Did the Greater Western Sydney Giants dodge a bullet by not landing Lance Franklin in the off-season? It’s way too early to tell after only one game, but the first round matchup between the Giants and the Sydney Swans may have been a foretelling of things to come. It was an incredible win by the Giants; their first in five Sydney derbies, and the biggest win of their short history to date.
The Swans may have trumped the Giants in nabbing Franklin, but the result confirms what many people were already thinking: the Giants didn’t need him anyway. Their embarrassment of forward line riches comprises the three forwards with the most potential in the league, one of whom wasn’t even playing on the weekend.
For all of the talk about Franklin, it was Jeremy Cameron and Jonathan Patton who were the dominant forwards on the ground, booting four and three goals respectively. The last member of the trio, 2013’s number one draft pick Tom Boyd, had to be content with a run in the GWS reserves where he impressed with a four-goal performance.
But if you look at who else wasn’t playing in the Giants’ senior side, it rams home just how impressive their win over the Swans was.
In addition to Boyd, missing from their team on the weekend were another 10 first round draft picks: Josh Kelly (a pick 2), Cam McCarthy (14), Jon O’Rourke (2), Lachlan Plowman (3), Kristian Jaksch (12), Aidan Corr (14), Will Hoskins-Elliot (4), Matthew Buntine (5), Adam Tomlinson (9) and Liam Sumner (10).
In two or three years’ time the Giants will be so much better than anyone else it’s going to be scary.
Besides possessing a forward line containing the equivalent of Matthew Pavlich, Jonathan Brown and Nick Riewoldt, the rest of the GWS lineup will be sprinkled with serious talent on each line. Even if just half of the abovenamed 10 go on to fulfil their full potential, GWS will have about eight genuine superstar AFL players. Forget about the one-sided thrashings they endured in 2012 and 2013; from 2016 onwards it will be the Giants handing out the beltings to the other clubs.
Let’s hypothesise for a minute. The Giants have two picks 2s. There’s a Dale Thomas and a Nic Naitanui. A pick 3. That’s a Stephen Hill. A pick 4 is a Hamish Hartlett. You could go on. Even a pick 14 is potentially a Grant Birchall.
Having sold the farm in the form of depth players to get Buddy, by the time 2016 comes around the Swans will be lucky to get away with the 32-point defeat we just saw.
If a team’s premiership window is open now, they better be claiming some silverware this year or next (and that’s mainly a message to you, Dockers!). If they don’t, it could be a long wait before the window opens again, given the strength of GWS and the league’s in-built equalisation mechanisms.
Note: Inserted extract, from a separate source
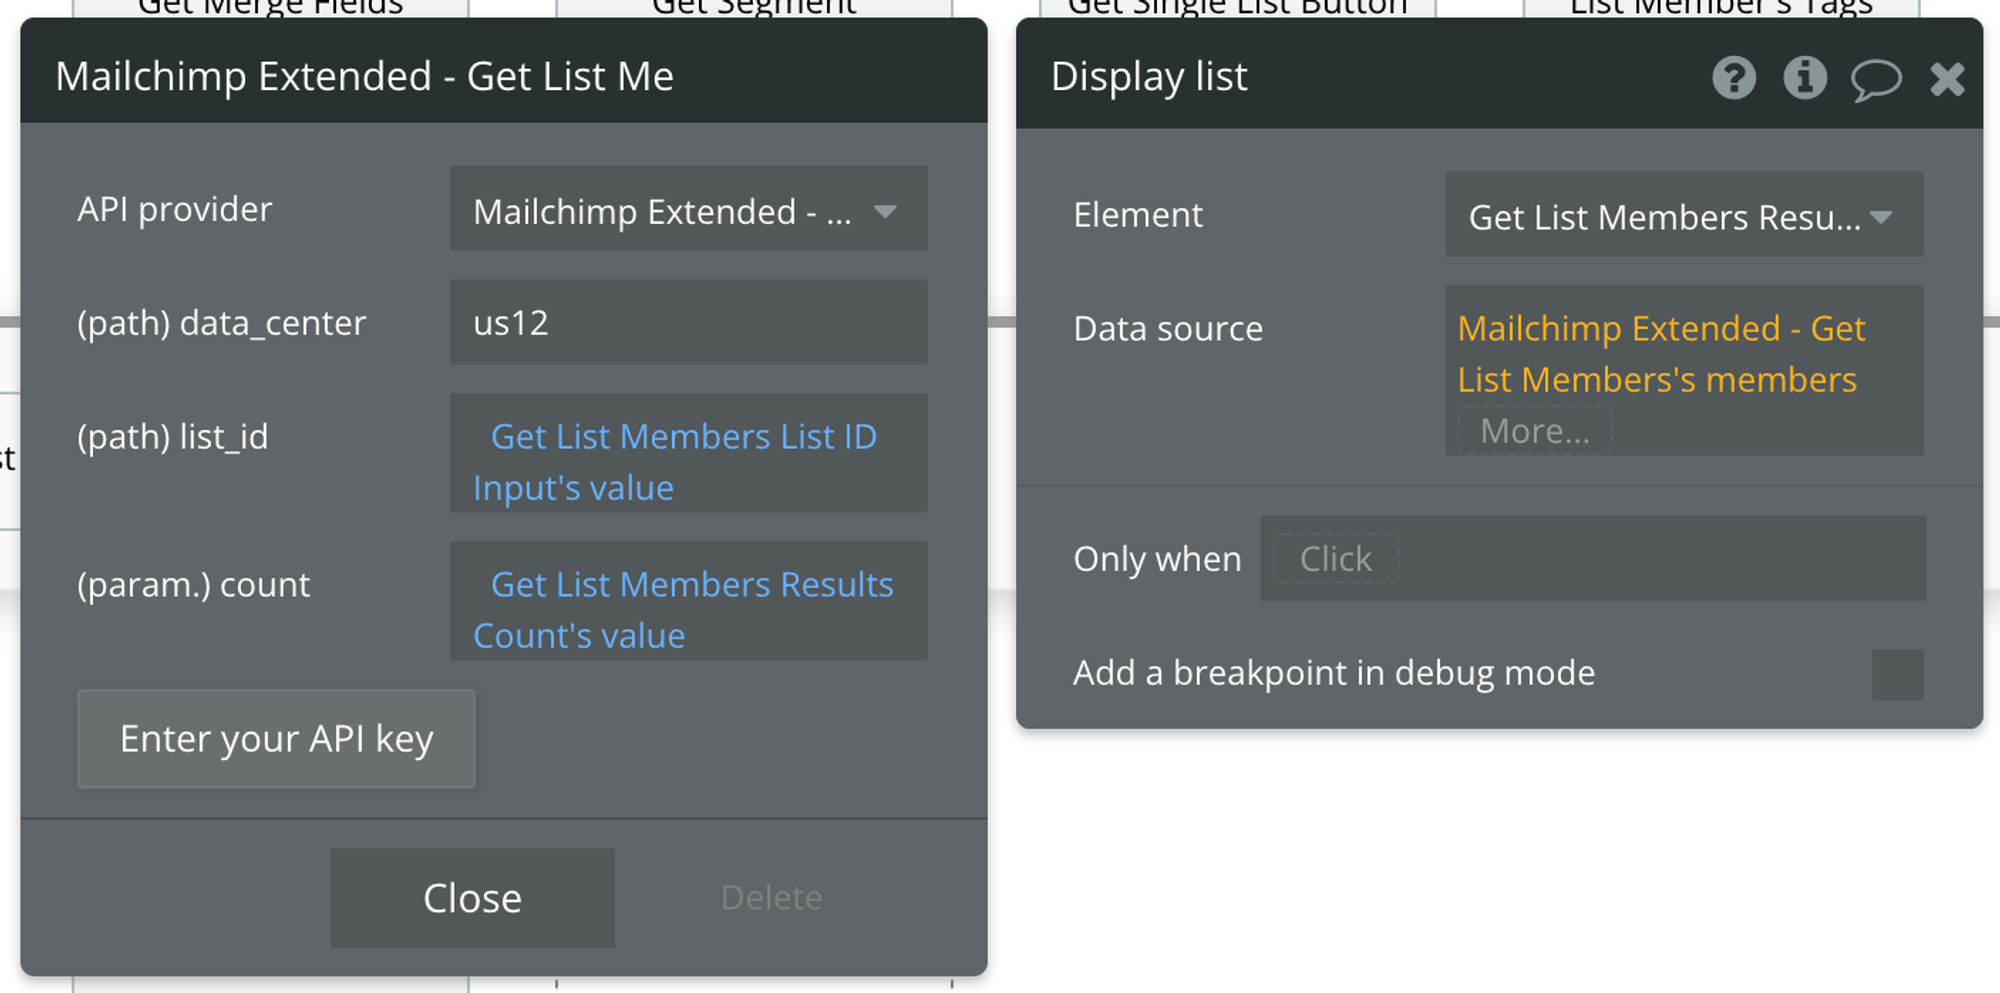 Select Mailchimp Extended - Get List Members's members for the data source

There’s also the not-so-small matter of the Gold Coast Suns to consider, who are in the same boat as GWS when it comes to their sheer number of high draft picks, albeit without quite the same all-round strength across the length of the ground.
Round 1 2014 marked the arrival of the Giants as, dare I say it, a giant force in the AFL. To comprehensively outplay one of the premiership favourites when the game was on the line in the last quarter was unexpected, but was certainly welcome. Not only because of the feel-good factor of the underdog toppling the favourite. What pleased many AFL watchers about the Giants beating their cross-town rival was the feeling it may not be the last time they could say, “I told you so” about whether the Swans getting Franklin from under the Giants’ noses was in fact the coup the Swans made it out to be.